CA1 and CA3 place cells respond differently to manipulations of environmental cues (Guzowski et al., 2004; Lee et al., 2004a, b; Vazdarjanova and Guzowski, 2004; Leutgeb et al., 2005). It is difficult to envision how these different response properties might arise if they represent sequential steps of spatial processing. Moreover, mice and rats can perform spatial tasks and CA1 pyramidal cells form place fields even when input from CA3 is disrupted (Mizumori et al., 1989; Brun et al., 2002; Nakashiba et al., 2008). This evidence suggests that spatial information arrives in CA1 via routes other than from CA3. A logical alternative source of input would be EC3. In addition, Chevaleyre and Siegelbaum (2010) have demonstrated that CA2 drives a strong but relatively uncharacterized pathway by which input from EC3 may reach CA1.

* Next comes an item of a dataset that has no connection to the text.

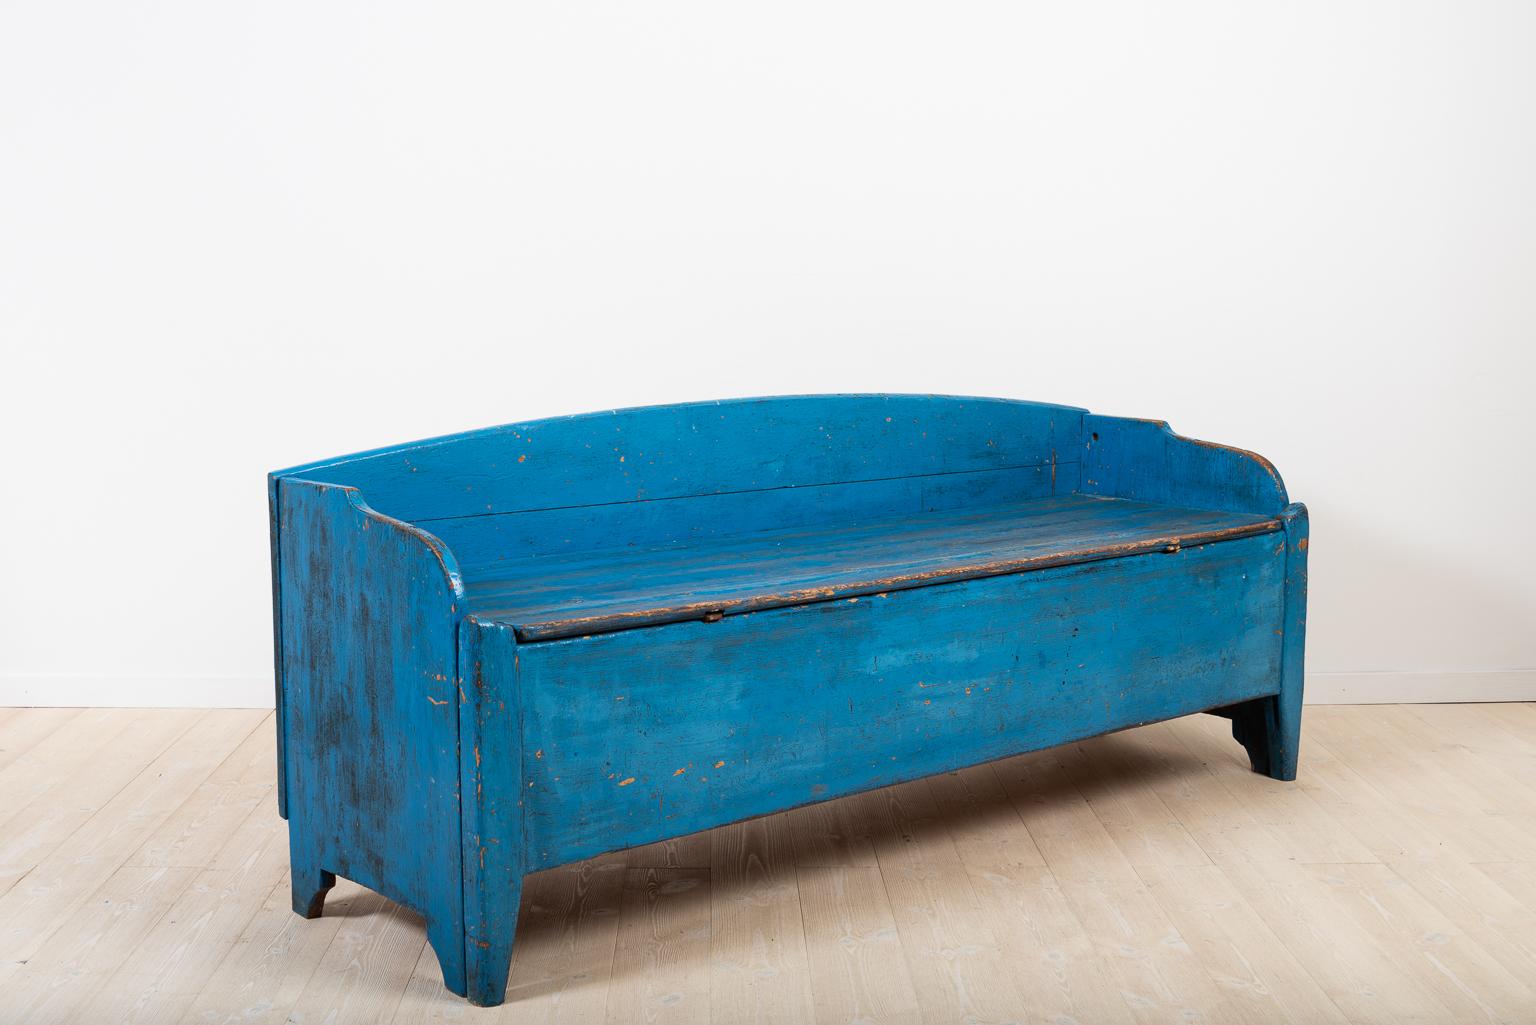 Primitive folk art sofa / bench from northern Sweden - Jämtland. With old blue paint that was painted during the mid 1800s. The bench was manufactured around 1820-1840. As the sofa is an unique original piece with untouched patina will there be

In this model, CA1 activity represents information directly transmitted from EC3 as well as more processed information from the trisynaptic pathway. Previous analyses of CA1 pyramidal cell spiking have concluded that position can be more precisely decoded from spikes fired during the descending half of the theta cycle (Huxter et al., 2008), or at the place field exit (Skaggs et al., 1996), whereas heading is better decoded from the ascending half of the theta cycle (Huxter et al., 2008). These conclusions could reflect different sources of information driving CA1 spiking at different theta phases.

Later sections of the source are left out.